Even though it is difficult, there are a few simple things you can do to pave the way towards financial freedom. Please note this is just the first steps, if you’re looking for more in depth information my favorite resource is Crediful, they provide actionable guides to help you achieve financial freedom.
Here is the Guideline
Make not saving not an option
Having a savings account and contributing to it is one of the most important things that you can do, but getting money into the savings account is the challenge. It is a great relief to know that in the event of an emergency, you are covered. This can range from anything like a car accident, your dog eating something they shouldn’t have or a window breaking. But how do you get money into your savings account?
The easiest way to do this is to allocate a certain percentage of your salary every month towards this goal, and then depositing it. If you count it as one of your expenses, you will hardly notice that it is gone. Another ideal solution is to set that allocated amount to be deposited into your savings account automatically, therefore making it very hard not to save that money.

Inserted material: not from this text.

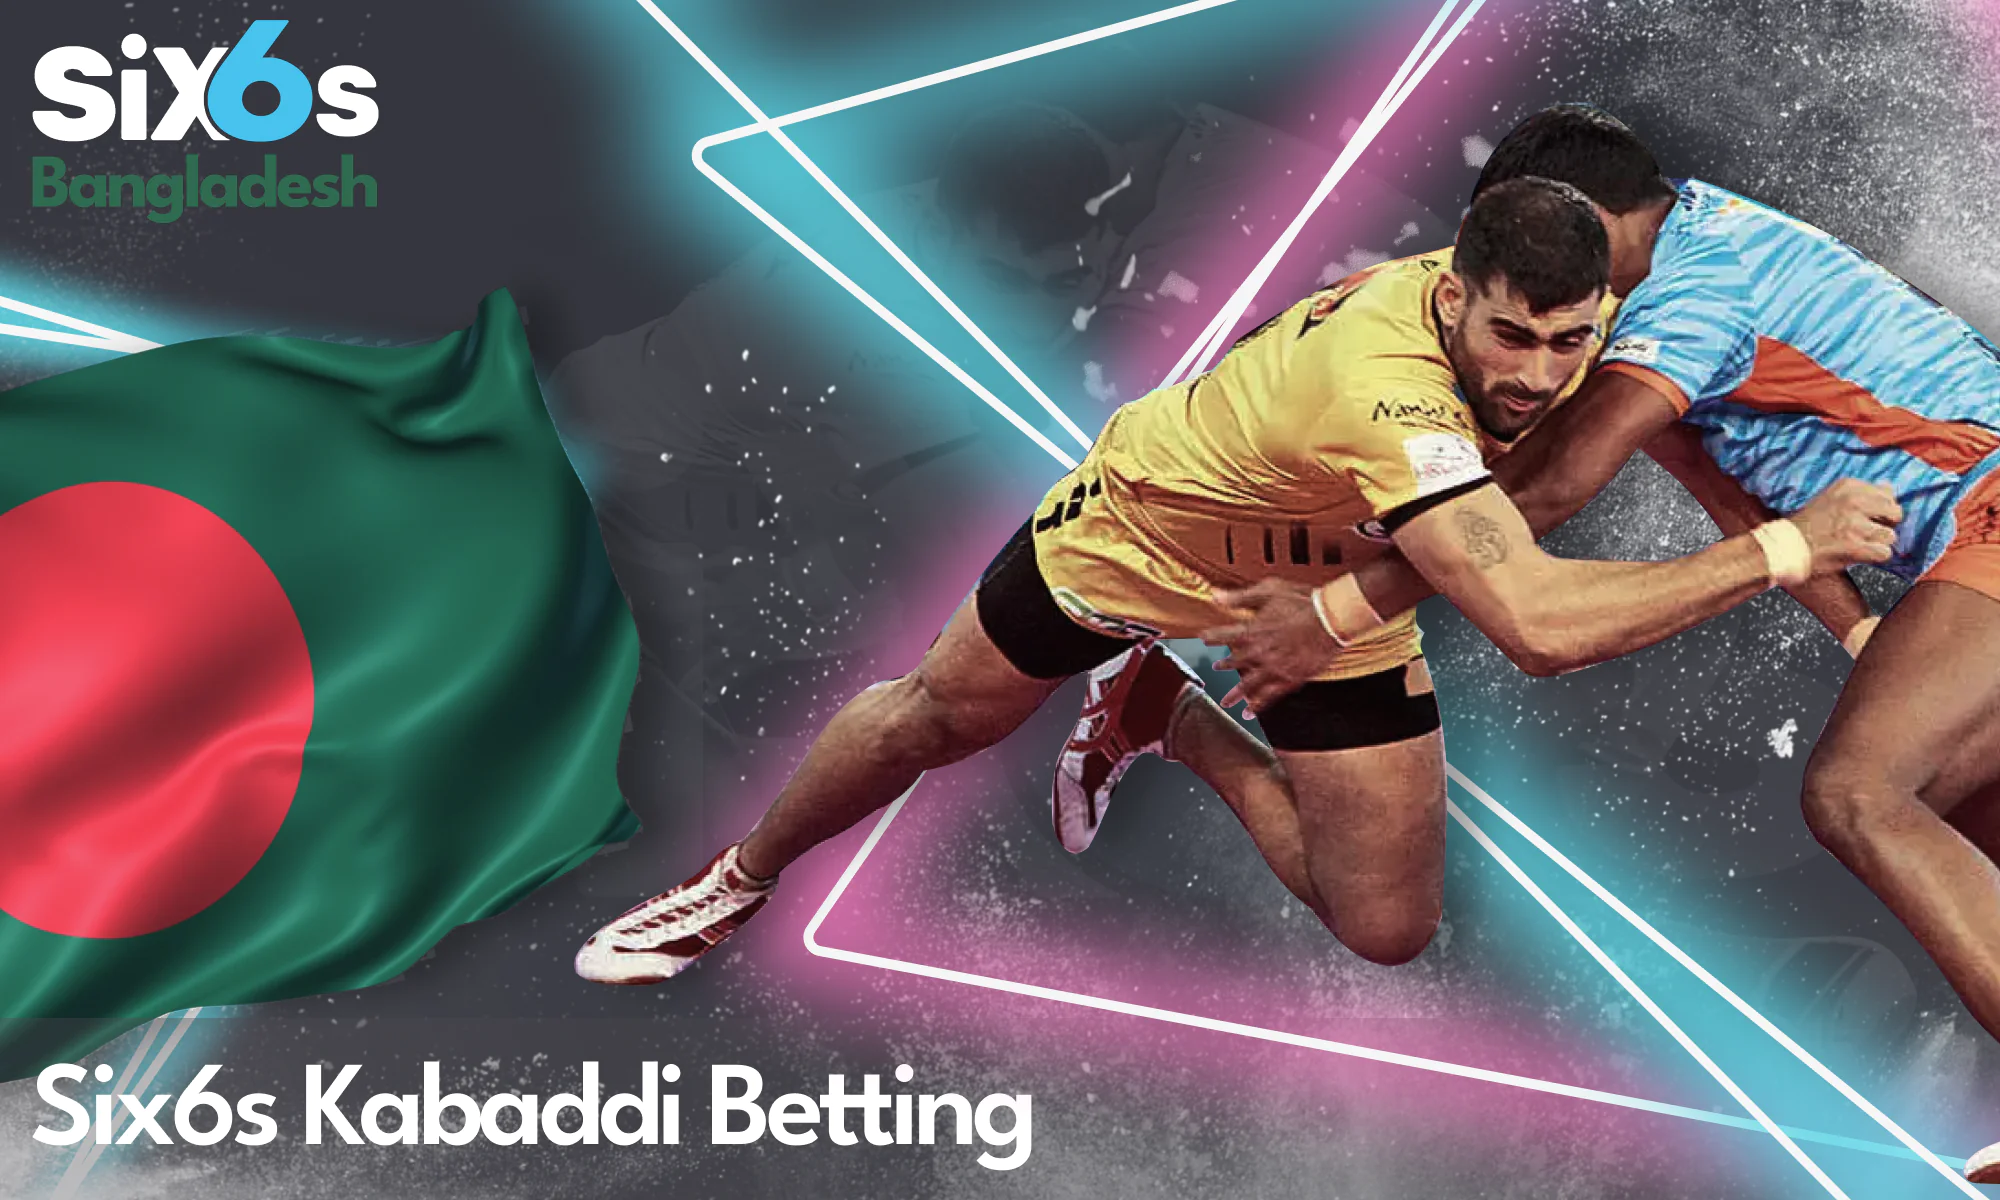 Six6s Kabaddi betting for players from Bangladesh

In addition to this, consider creating withdrawal restrictions such as a 30-day waiting period, unless it’s an emergency, to prevent yourself from unnecessarily dipping into it. Depositing to savings at the beginning of each month, before you spend any of your salary, will help tremendously into it becoming a habit.
Review your expenses
As mentioned, most people don’t actually look at their expenses, and as a result, they don’t really know where their money goes. This is why regularly reviewing your expenses is a relatively easy solution to saving more money. Expenses can be placed into two groups: fixed and variable expenses.
Fixed expenses are things that you need to pay each month that don’t change, such as rent, internet lines or a contract for a mobile device. The second is variable expenses, which are things that you buy that fluctuate and change each month. Take a look at the fixed expenses you have and try to find those that can be changed, for example, a cheaper internet provider that offers the same speeds. By knowing your variable expenses, you are given the opportunity to change your spending habits.
A great tip when dealing with variable expenses is to use a 30-day rule when handling larger purchases. If you can wait 30 days before buying it, you can decide if you really need it or if it was an impulsive thought.
Ask for a raise
One of the biggest complaints that many people have is that their salary is not high enough. Upon further inspection, it is most likely due to the fact that they have never asked for a raise. This step requires no effort, other than bringing the topic up with your boss, which is admittedly a difficult thing to do.
However, if you know that your performance has been really good over the last year, then have confidence in knowing that you deserve a raise. If you are unsure of how much to ask for, then it might be a good idea to do some research. There is plenty of information freely available on the internet related to the average salary of different occupations. Before asking for a raise, research this information to have a better understanding of what your work is worth.
Alternatively, most jobs match your contributions to your retirement savings, and if your job does, then it would be highly beneficial in the long run to contribute as much as you can if your employers matching benefit has not reached its limit yet.